Enthalpy of the Polymorphic Transition of Anhydrous Cholesterol Present in Mixtures of Peptides with SOPC:cholesterol (1:1)

Peptide ΔH (cal/mol)
5% LWYIK 25
10% LWYIK 80
15% LWYIK 60
5% LWFIK 120
10% LWFIK 125
15% LWFIK 170
5% LWYIR 20
10% LWYIR 70
15% LWYIR 65
5% LWYIH 180
10% LWYIH 90
15% LWYIH 60
5% LWWIK 125
10% LWWIK 80
15% LWWIK 140
5% LWLIK 60
10% LWLIK 65
15% LWLIK 120
5% IWYIK 100
10% IWYIK 140
15% IWYIK 175

Tryptophan fluorescence studies

Fluorescence emission spectra of each of the peptides was determined in methanolic solution, in aqueous buffer and in the presence of SUVs of SOPC or SOPC:cholesterol (1:1) at a lipid to peptide molar ratio of 10. There is little difference in the maximum emission wavelength among the seven peptides in any of the four conditions (Table 3).
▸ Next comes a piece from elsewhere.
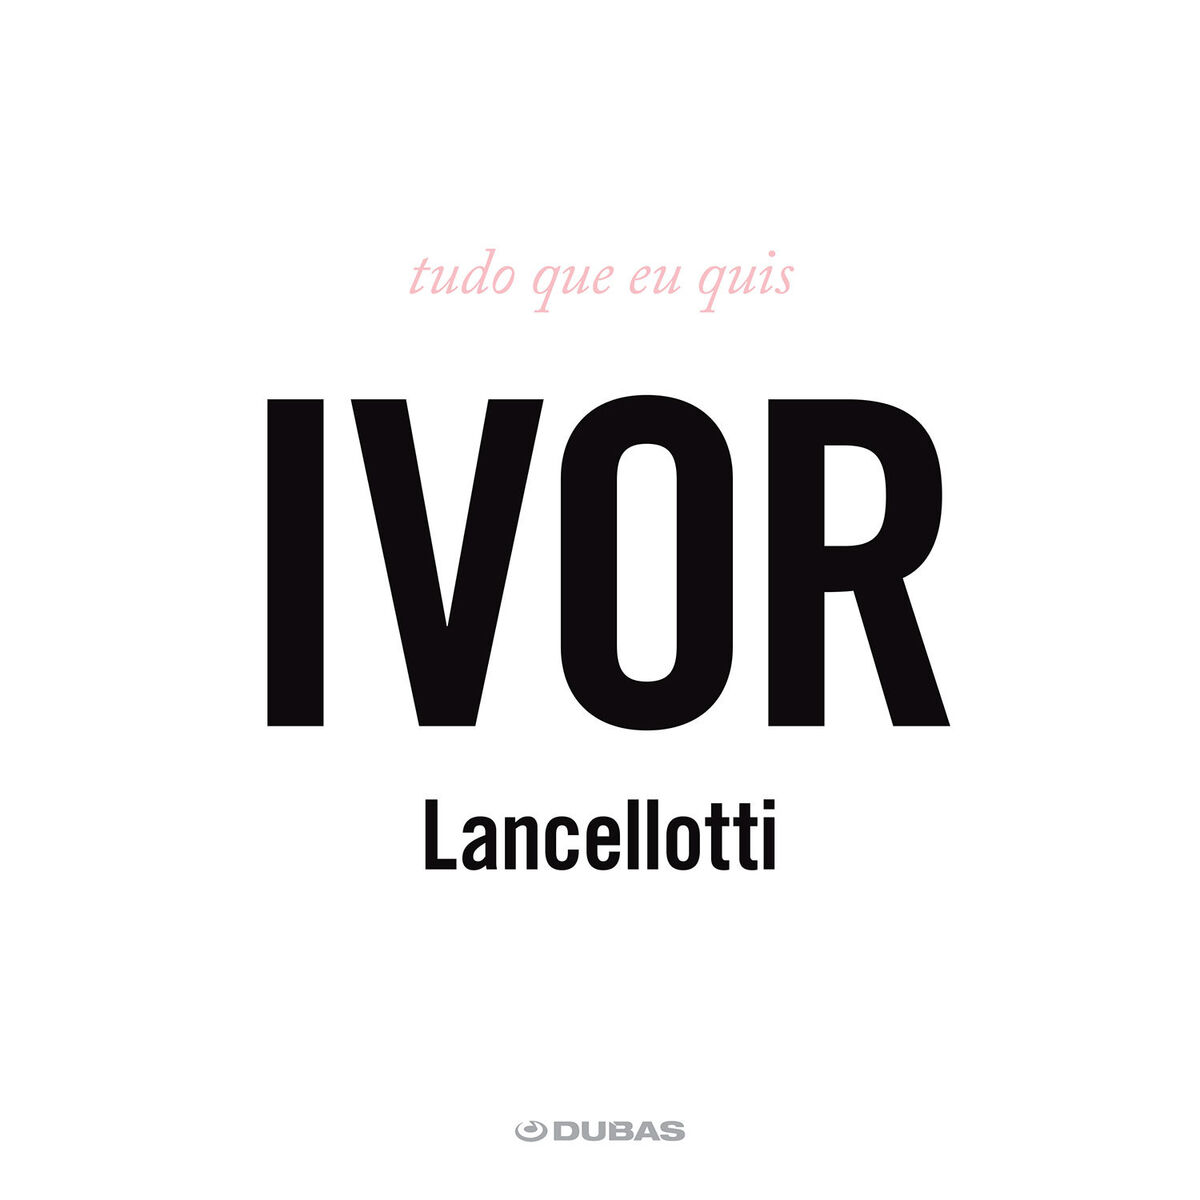 Ivor Lancellotti - Ivor Lancellotti: letras e músicas | Deezer

Table 3. W Emission Properties.

Peptide Condition
Methanol Buffer SOPC SOPC/cholesterol (1:1) Ratio1
λ (nm) Relative Intensity λ (nm) Relative Intensity λ (nm) Relative Intensity λ (nm) Relative Intensity
LWYIK 336 1.7 341 0.74 340 0.71 340 0.43 1.7
LWFIK 336 1.3 341 0.75 340 0.61 340 0.43 1.4
LWYIR 335 2.0 340 1.0 340 0.73 340 0.69 1.1
LWYIH 335 1.6 341 0.91 342 0.82 342 0.60 1.4
LWWIK 336 1.95 340 0.95 339 0.90 341 0.75 1.2
LWLIK 335 2.4 340 1.3 340 1.0 340 0.87 1.1
IWYIK 336 2.0 340 0.87 339 0.67 339 0.66 1.0
1

The ratio is the ratio of the maximal emission intensity of the peptide in SOPC divided by the emission intensity of the peptide in SOPC/cholesterol (1:1).

Membrane partitioning

The results of partitioning of N-acetyl-LWYIK-amide into SOPC:cholesterol (1:1) (Fig. 5) are in reasonable agreement with our previously published results (7), particularly taking into account the differences in protocol in the two cases. However, there was some variation in the partitioning of other peptides into liposomes of. SOPC:cholesterol (1:1) (Fig. 5). In particular, N-acetyl-LWLIK-amide showed lower membrane partitioning.

Figure 5.

Figure 5

Partitioning of peptides into MLVs of SOPC:cholesterol (1:1) containing 10 mol% peptide. Error bars are the standard error of the mean of experiments repeated two times.

Modeling

Because of their small size all these peptides have limited possibilities of stabilization via intramolecular interactions and hence might have a large structural diversity. This diversity will be restricted by the presence of bulky residues and by the proximity in the sequence of polar and hydrophobic residues. The RMS of every structure was calculated on the basis of an all atom fit with the peptide conformation of lower energy (the best structure). The values are ranked and analysis of the plot of increasing values demonstrates either a stepped or a constant increase of RMS values (Fig.6). A constant variation of RMS (see LWFIK in Fig.6) indicates small discrete variations between structures, whereas a stepped increase (see LWWIK in Fig.6) indicates more distinct subpopulations. The number of structures within a 3.5 RMS value difference is a subjective index that we used to evaluate this difference. For instance, changing L for I, two residues with the same number of carbons but an elongated instead of a bulky branched side chain, restricts structural diversity from the 55 conformations for LWYIK to only 27 conformations for IWYIK (Fig.6). The same is true when Y is changed for W (LWYIK as compared to LWWIK) whereas changing Y for F (LWYIK as compared to LWFIK) diversifies the panel of conformations, suggesting more rigidity of the LWYIK structure. Changing K for R (LWYIK as compared to LWYIR) also rigidifies the structure most likely because R is much more polar than K and tends to point away from the rest of the peptide. This analysis suggests a rough classification of increasing structure flexibility from LWYIR<LWWIK< IWYIK< LWYIH<LWYIK to LWFIK.

Figure 6.

Figure 6

Analysis of peptide conformation diversity. For each peptide, 7776 conformation were calculated twice, once in a hydrophobic medium, once in water, in each condition, the 50 best conformations were saved. Diversity of these structures was analyzed by calculating the all atom RMS deviation with reference to the lowest energy conformation. Structures were ranked by increasing RMS. For the sake of analysis, a critical value, arbitrarily set at RMS 3.5, was used to analyze structural rigidity: the lower the number of conformations at that RMS 3.5 value, the more rigid the structure.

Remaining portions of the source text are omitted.